Side-channel Analysis (SCA) exploits weaknesses on the implementation level [29]. More specifically, all computations running on a certain platform result in unintentional physical leakages. Those leakages are a sort of physical signatures from the reaction time, power consumption, and EM emanations released while the device was manipulating data. SCA exploits those physical signatures aiming at the key (secret data) recovery. In its basic form, SCA was proposed to perform key recovery attacks on implementation of cryptography [30, 31]. One advantage of SCA over traditional cryptanalysis is that SCA can apply a divide-and-conquer approach. Thus, instead of testing and recovering the full key at once, SCA can be used to recover small parts of the key independently, exponentially reducing the attack complexity.

However, the scope of SCA is much wider. For example, SCA was recently used to demonstrate IP theft from 3D printers [32]. Based on the analysis technique different variants of SCA are known. In the following, we recall a few analysis techniques used later in the paper. Although the following terms suggest power analysis, these techniques apply to other side-channels as well.

Ii-B1 Simple Power Analysis (SPA)

Simple power analysis, as the name suggests, is the most basic form of SCA [31]. It targets information from a sensitive computation which can be recovered from a single or a few traces.

As a common example, SPA can be used against a straightforward implementation of the RSA algorithm. Namely, the RSA exponentiation is composed of a sequence of square and multiply operations which depend on secret key bit (multiply follows square only when the secret bit is 1, else only square is executed). As square and multiply have distinct physical signatures the adversary can directly read out the key bits from e.g., a power trace on a digital oscilloscope. Similar attacks have been applied to secret-key algorithm like AES [33] but then targeting key schedule. In this work, we apply SPA to reverse engineer the architecture of the neural network.

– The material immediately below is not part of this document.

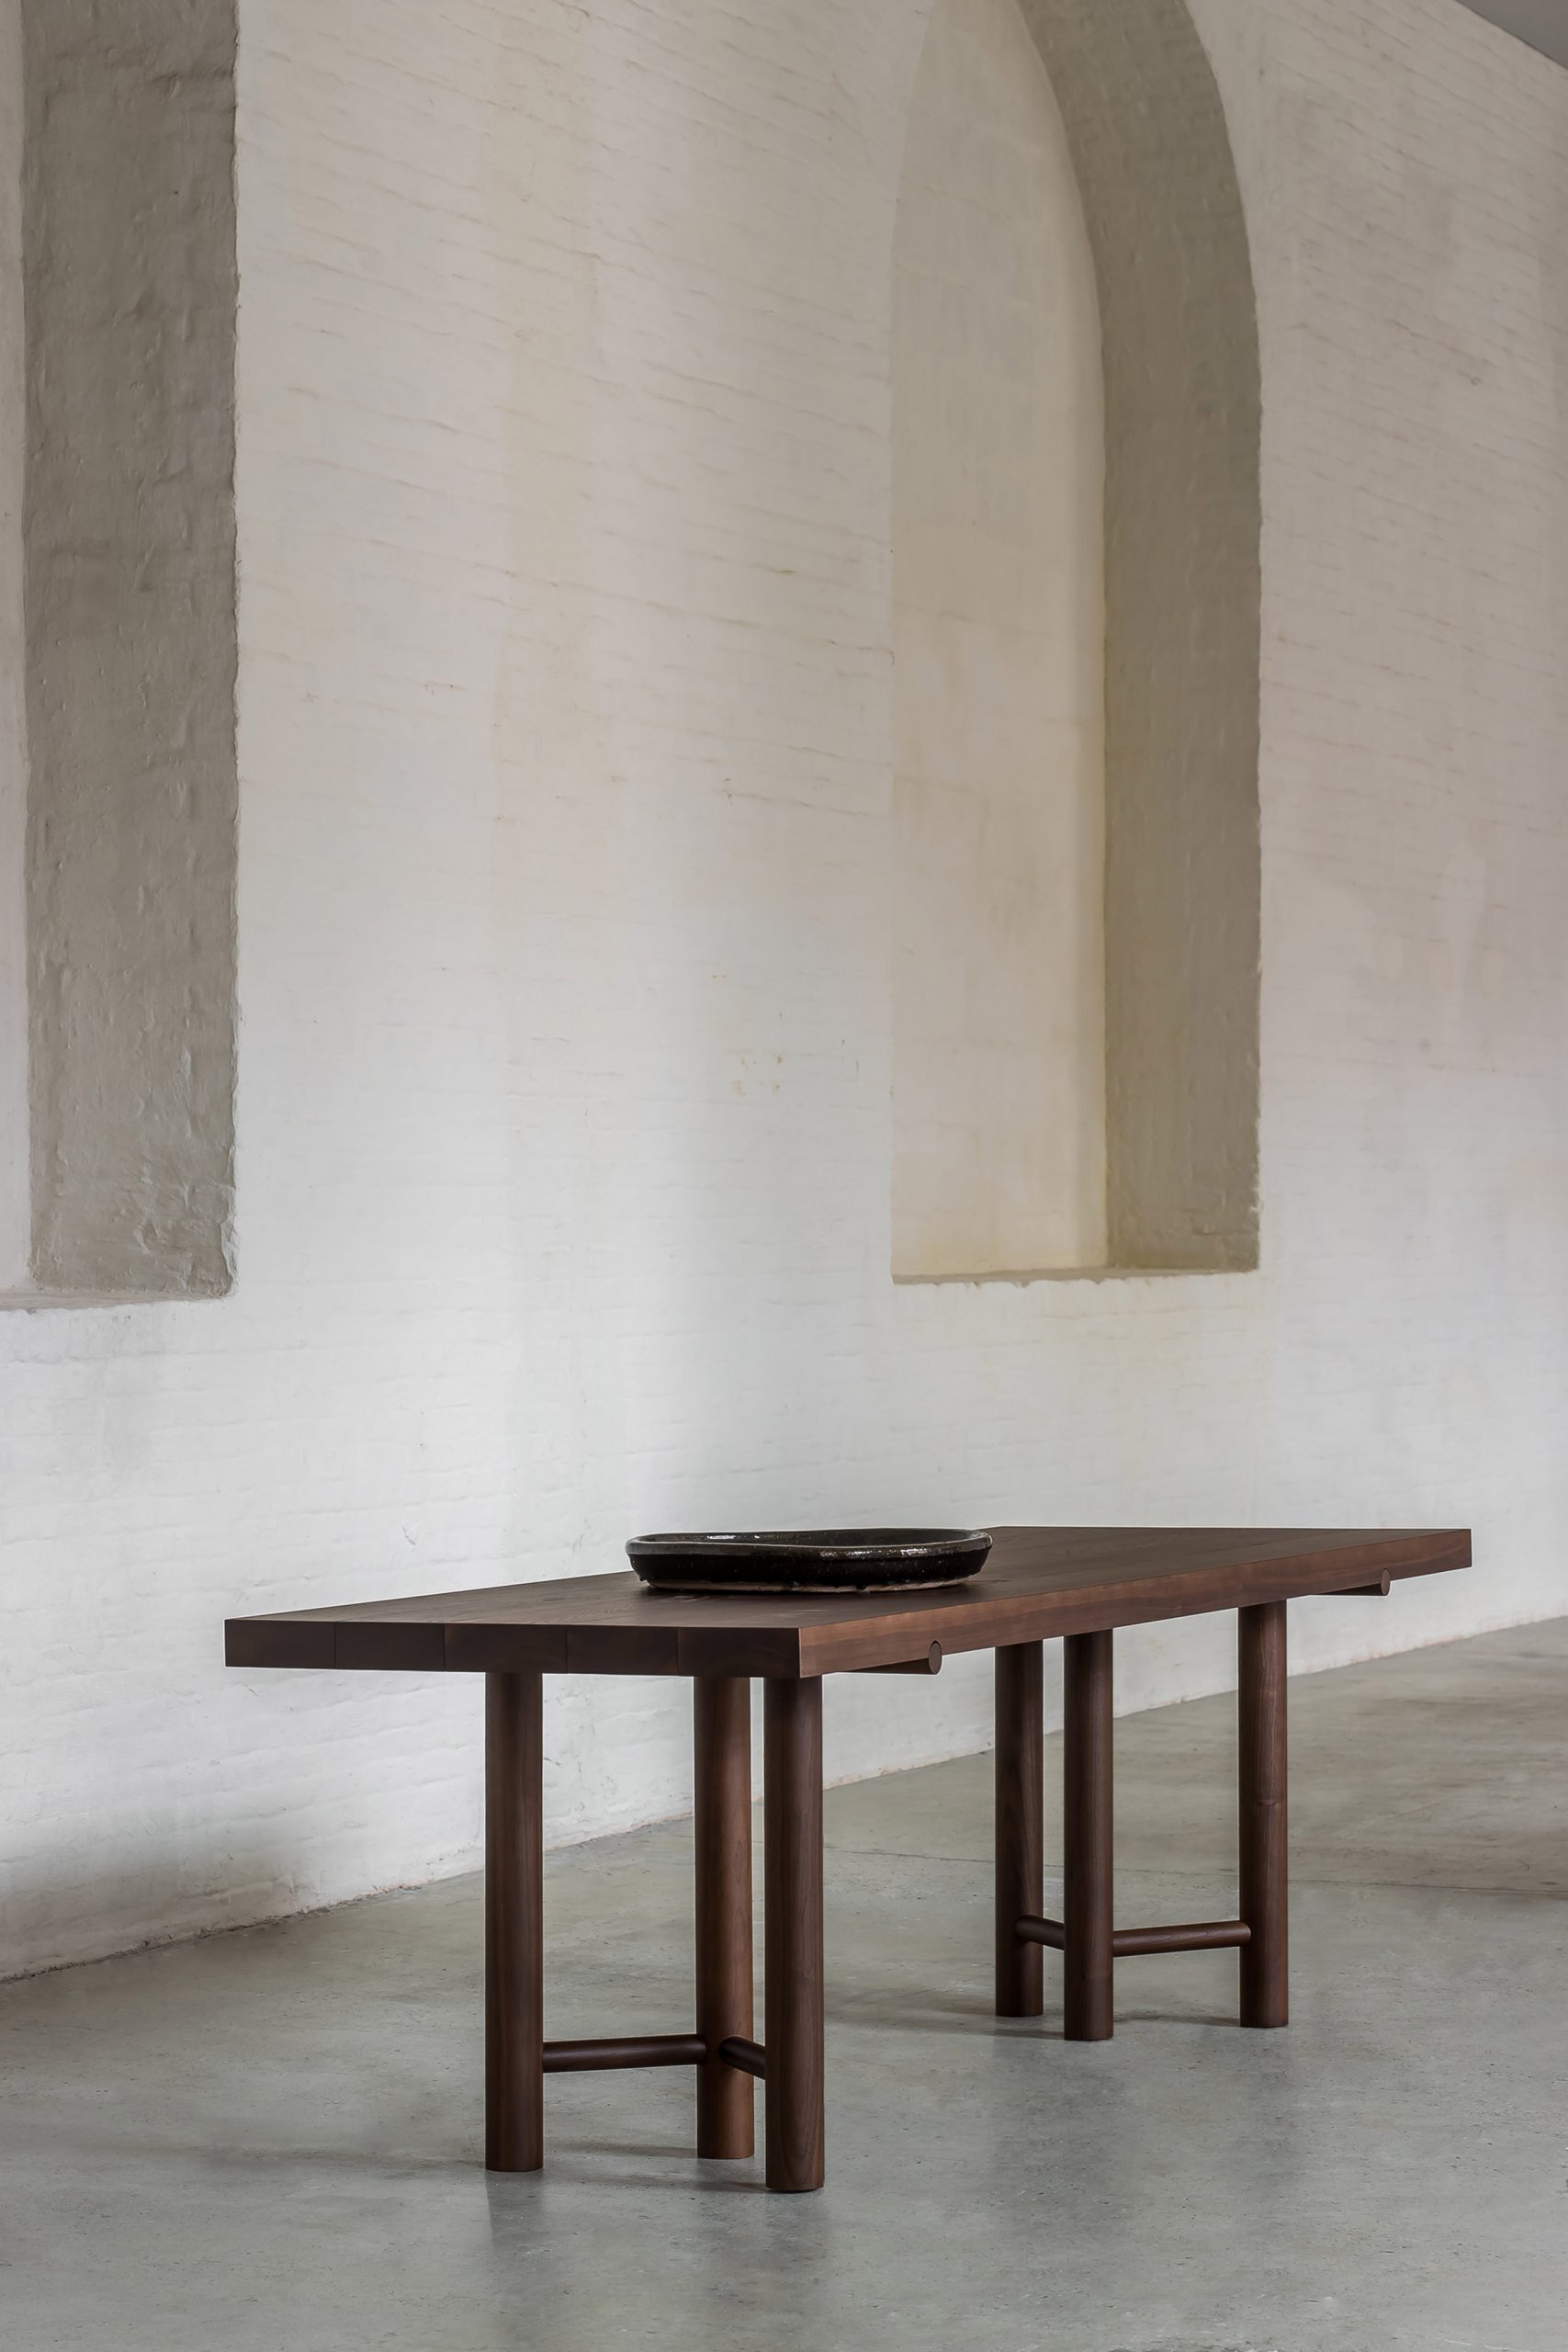 Rectangular table in Nomad furniture by Nathalie Deboel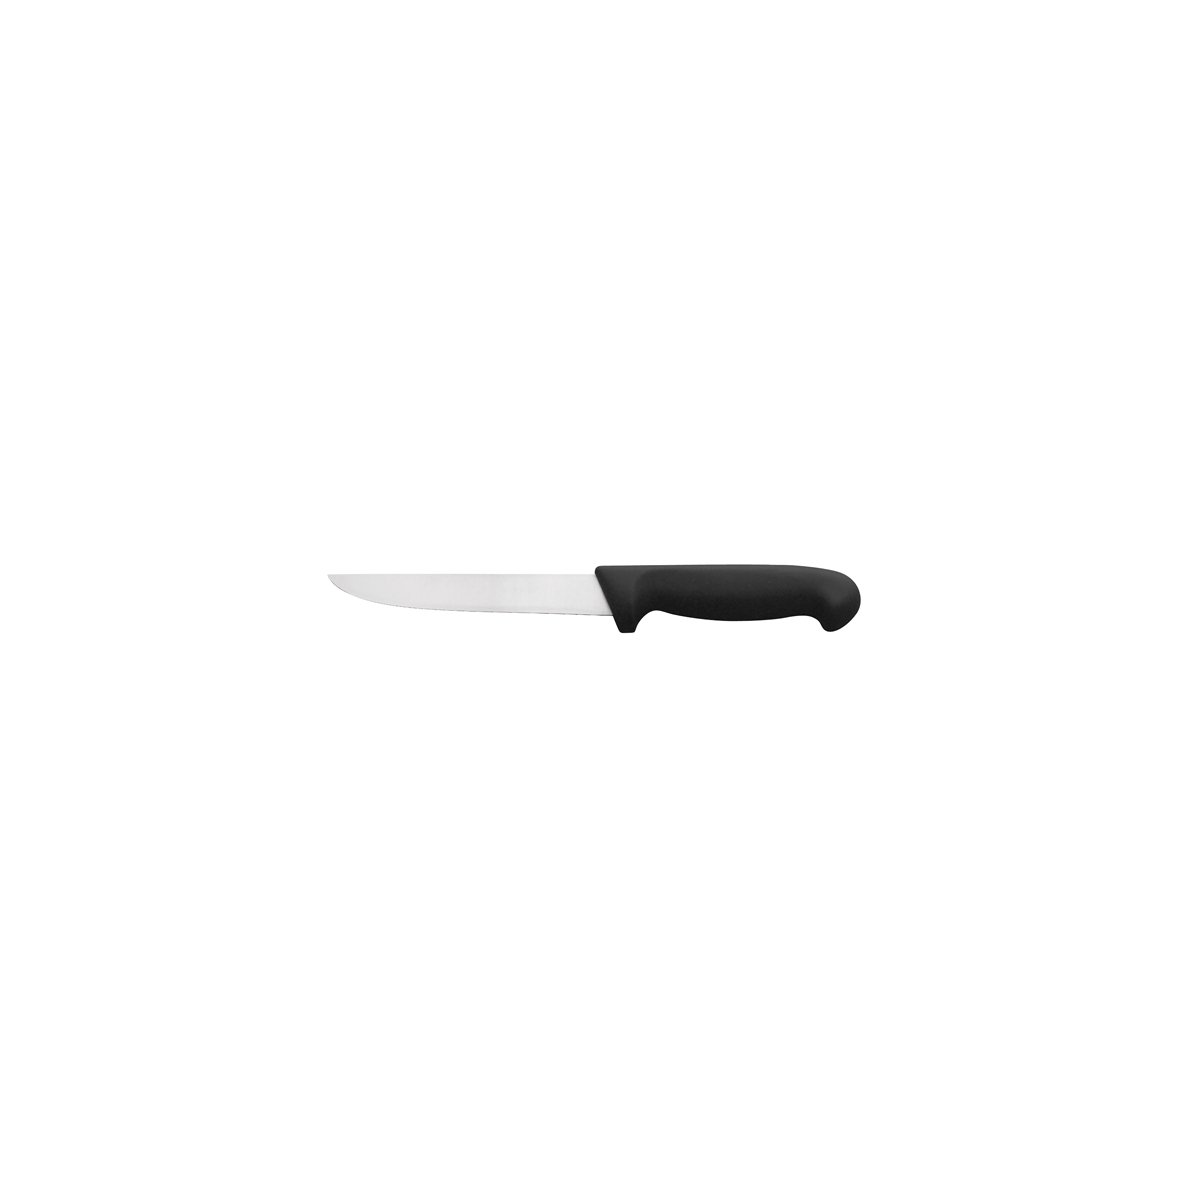 25008 Ivo Professional 55000 Boning Knife 150mm Tomkin Australia Hospitality Supplies

Ii-B2 Differential Power Analysis (DPA)

DPA is an advanced form of SCA, which applies statistical techniques to recover secret from physical signatures when SPA is not possible. The attack normally tests for dependencies between actual physical signature (or measurements) and hypothetical physical signature i.e., predictions on intermediate data. The hypothetical signature is based on a leakage model and key hypothesis. With the divide-and-conquer approach, parts of the secret key (e.g., one byte) can be tested independently, allowing exhaustive search on key hypothesis. The knowledge of the leakage model comes from the adversary’s intuition and expertise. Some commonly used leakage models for representative devices are the Hamming weight for microcontrollers and the Hamming distance in FPGA, ASIC, and GPU [34, 35] platforms.

As the measurements can be noisy, the adversary often needs many measurements, sometimes millions. Next, statistical tests like correlation [36] are applied to identify correct key hypothesis from other wrong hypotheses. As we show later in the paper, DPA is used to recover secret weights from a pre-trained network.

Ii-B3 Horizontal Power Analysis (HPA)

HPA is another sort of side-channel attack using power as the source of leakage [37]

. While DPA recovers the secret key statistically over multiple measurements, HPA is a single trace attack exploiting several elementary operations in a single computation. The idea behind it is that identical data being manipulated even in different computation steps will have the same power signatures and can be recovered by e.g., pattern recognition techniques. HPA can be used against protected implementation, for example with exponent blinding, where an adversary is limited to only one measurement. In this paper, we use HPA to perform input recovery attack for a known network where we prove the technique to be effective for medium to large sized networks.

Iii Side-Channel Based Reverse Engineering of Neural Networks

As already discussed, side-channel leakages have been frequently used for cryptanalysis, in particular for key recovery attacks in cryptography and for the reverse engineering of cryptographic algorithms. In this work, we demonstrate the first application of SCA for reverse engineering of neural networks, with practical measurements on embedded platforms.

Iii-a Threat Model

The two main goals of this paper are to recover the neural network architecture and its inputs using only side-channel information.
Scenario. We select to work with MLP since 1) it is a commonly used machine learning algorithm in modern applications, see e.g., [38, 39, 40, 41]

; 2) it consists of fully connected layers which are also occurring in other architectures like convolutional neural networks or recurrent neural networks; and 3) the layers are all identical, which makes it more difficult for SCA and could be consequently considered as the worst-case scenario. We choose our attack to be as generic as possible while discarding common assumptions, which would make the attack easier but also more limited in scope. For instance, we have no assumption on the type of inputs or its source, as we work with real numbers. If the inputs are in form of integers (like the MNIST database), the attack becomes easier, since we would not need to recover mantissa bytes and deal with precision. We also assume that the implementation of the machine learning algorithm does not include any side-channel countermeasures. Currently, to the best of our knowledge, no public implementation of ANN deploys side-channel countermeasures.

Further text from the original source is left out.